Menu
▾
▴
[HtmlUnit] SVN: [15053] trunk/htmlunit/src
|
From: <rb...@us...> - 2017-12-31 16:53:46
|
Revision: 15053
http://sourceforge.net/p/htmlunit/code/15053
Author: rbri
Date: 2017-12-31 16:53:44 +0000 (Sun, 31 Dec 2017)
Log Message:
-----------
Invalid 'Origin' header was sent as part of XMLHttpRequest if the request url was absolute and the page contains a base tag
Issue 1944
Modified Paths:
--------------
trunk/htmlunit/src/changes/changes.xml
trunk/htmlunit/src/main/java/com/gargoylesoftware/htmlunit/html/HtmlPage.java
trunk/htmlunit/src/main/java/com/gargoylesoftware/htmlunit/javascript/host/xml/XMLHttpRequest.java
trunk/htmlunit/src/test/java/com/gargoylesoftware/htmlunit/javascript/host/xml/XMLHttpRequest2Test.java
Modified: trunk/htmlunit/src/changes/changes.xml
===================================================================
--- trunk/htmlunit/src/changes/changes.xml 2017-12-31 11:20:00 UTC (rev 15052)

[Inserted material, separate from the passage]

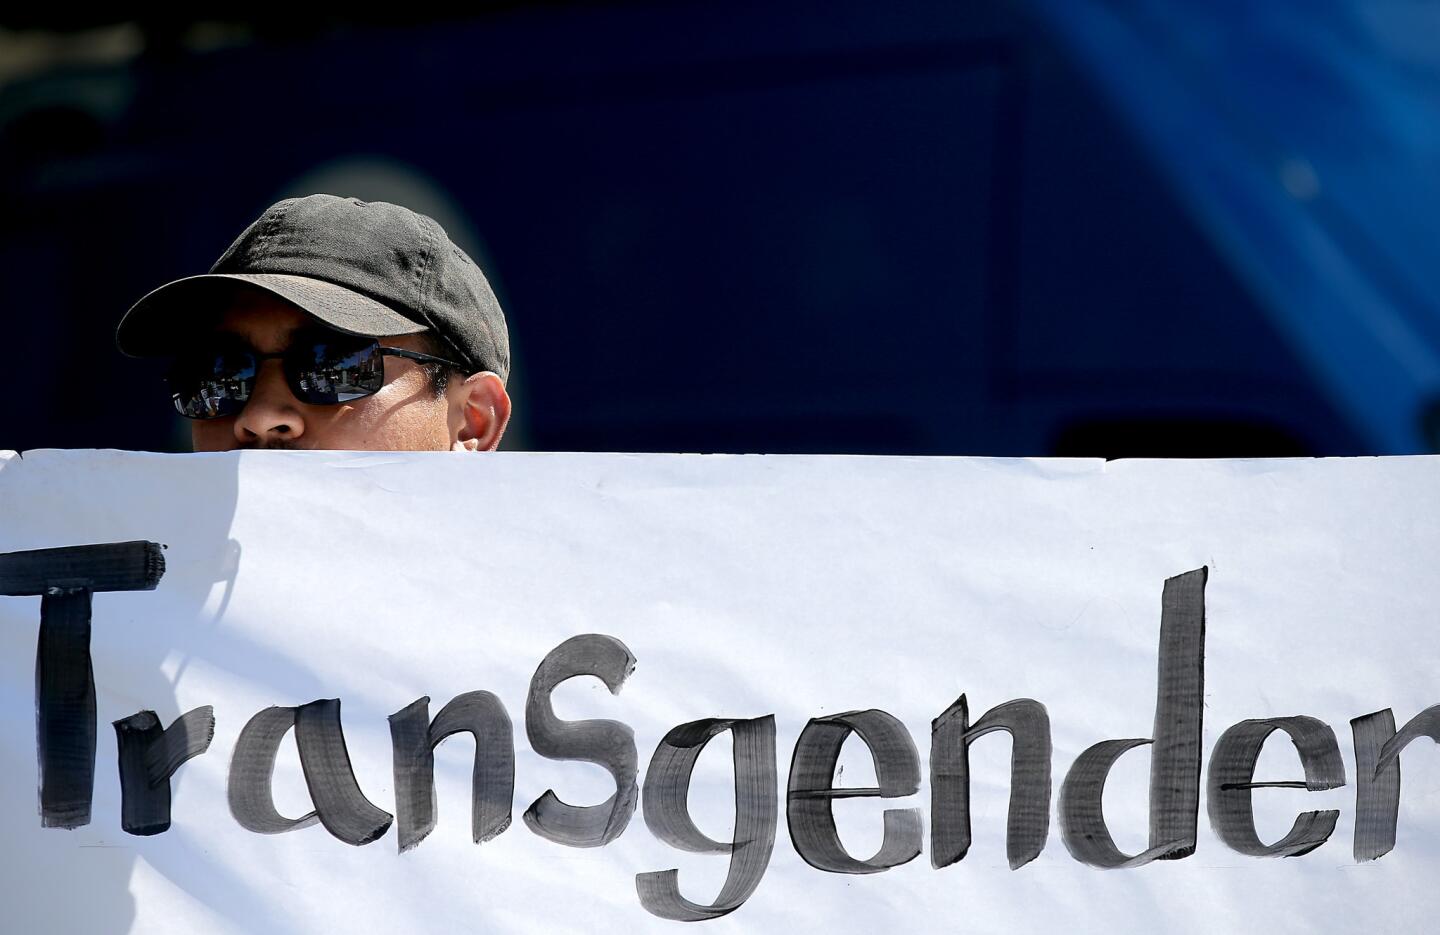 Protesting Trump's transgender military ban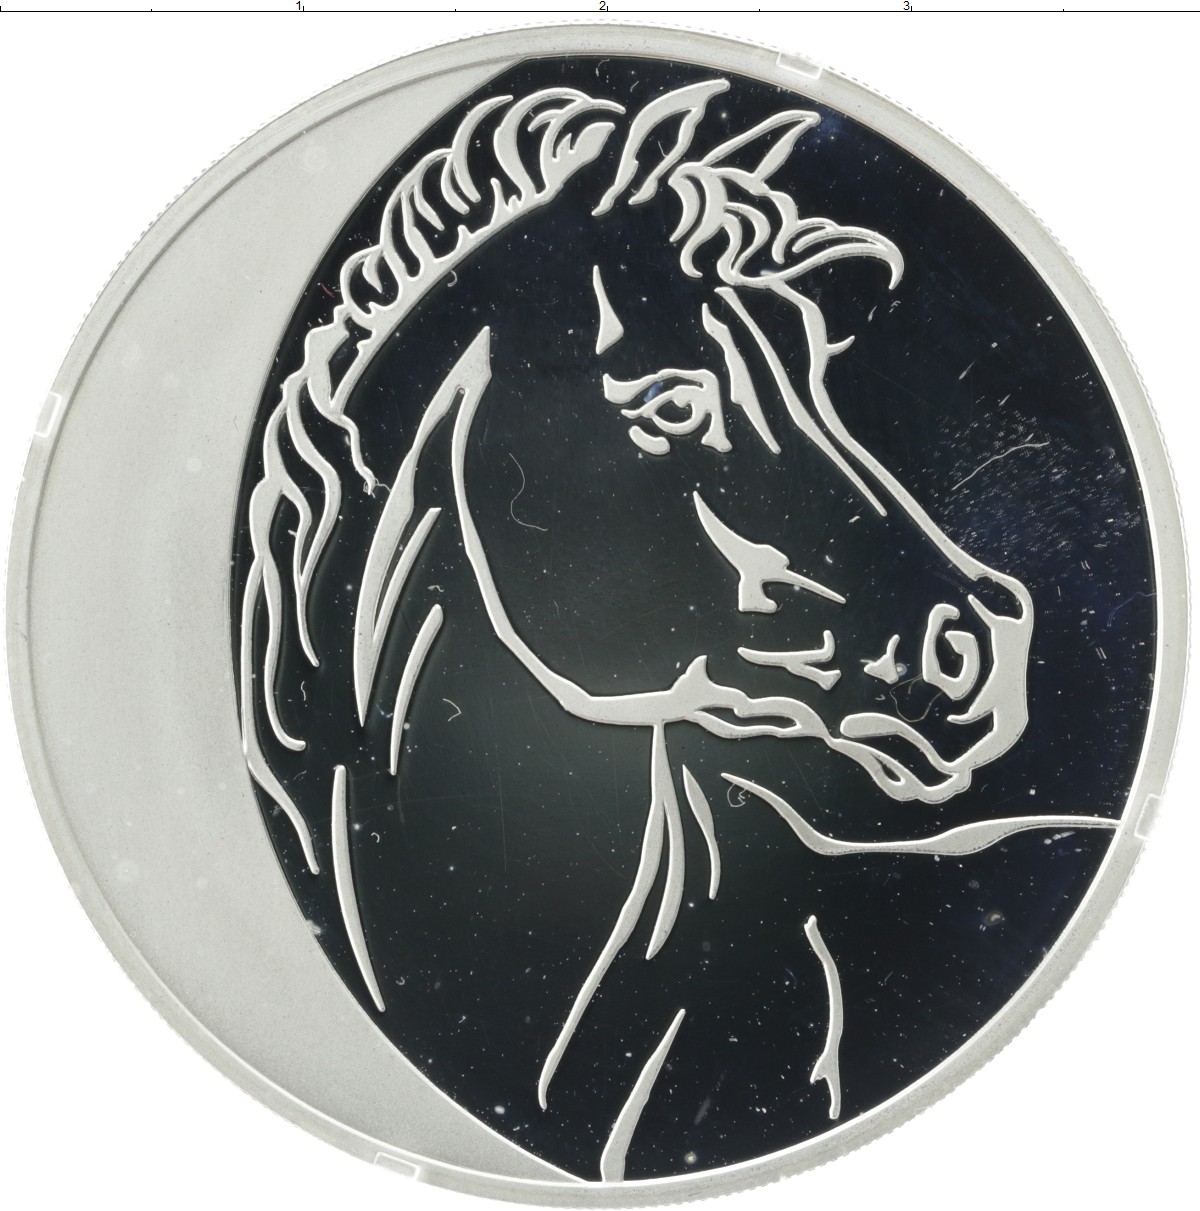 3 рубля 2014 серебро. Монета год лошади 2014 серебро. Монета с изображением лошади. Серебряная монета 3 рубля 2014. Монета с головой коня.

+++ trunk/htmlunit/src/changes/changes.xml 2017-12-31 16:53:44 UTC (rev 15053)
@@ -8,6 +8,10 @@
<body>
<release version="2.30" date="xx, 2018" description="Bugfixes">
+ <action type="fix" dev="rbri" issue="1944">
+ JavaScript: Invalid 'Origin' header was sent as part of XMLHttpRequest
+ if the request url was absolute and the page contains a base tag
+ </action>
<action type="fix" dev="rbri" issue="1943">
JavaScript: CSSStyleSheet#addRule fixed error handling
</action>
Modified: trunk/htmlunit/src/main/java/com/gargoylesoftware/htmlunit/html/HtmlPage.java
===================================================================
--- trunk/htmlunit/src/main/java/com/gargoylesoftware/htmlunit/html/HtmlPage.java 2017-12-31 11:20:00 UTC (rev 15052)
+++ trunk/htmlunit/src/main/java/com/gargoylesoftware/htmlunit/html/HtmlPage.java 2017-12-31 16:53:44 UTC (rev 15053)
@@ -679,8 +679,6 @@
* @exception MalformedURLException if an error occurred when creating a URL object
*/
public URL getFullyQualifiedUrl(String relativeUrl) throws MalformedURLException {
- final URL baseUrl = getBaseURL();
-
// to handle http: and http:/ in FF (Bug #474)
if (hasFeature(URL_MISSING_SLASHES)) {
boolean incorrectnessNotified = false;
@@ -693,7 +691,7 @@
}
}
- return WebClient.expandUrl(baseUrl, relativeUrl);
+ return WebClient.expandUrl(getBaseURL(), relativeUrl);
}
/**
Modified: trunk/htmlunit/src/main/java/com/gargoylesoftware/htmlunit/javascript/host/xml/XMLHttpRequest.java
===================================================================
--- trunk/htmlunit/src/main/java/com/gargoylesoftware/htmlunit/javascript/host/xml/XMLHttpRequest.java 2017-12-31 11:20:00 UTC (rev 15052)
+++ trunk/htmlunit/src/main/java/com/gargoylesoftware/htmlunit/javascript/host/xml/XMLHttpRequest.java 2017-12-31 16:53:44 UTC (rev 15053)
@@ -527,8 +527,8 @@
containingPage_ = (HtmlPage) getWindow().getWebWindow().getEnclosedPage();
try {
+ final URL pageRequestUrl = containingPage_.getUrl();
final URL fullUrl = containingPage_.getFullyQualifiedUrl(url);
- final URL originUrl = containingPage_.getFullyQualifiedUrl("");
if (!isAllowCrossDomainsFor(fullUrl)) {
throw Context.reportRuntimeError("Access to restricted URI denied");
}
@@ -537,11 +537,11 @@
request.setCharset(UTF_8);
request.setAdditionalHeader(HttpHeader.REFERER, containingPage_.getUrl().toExternalForm());
- if (!isSameOrigin(originUrl, fullUrl)) {
- final StringBuilder origin = new StringBuilder().append(originUrl.getProtocol()).append("://")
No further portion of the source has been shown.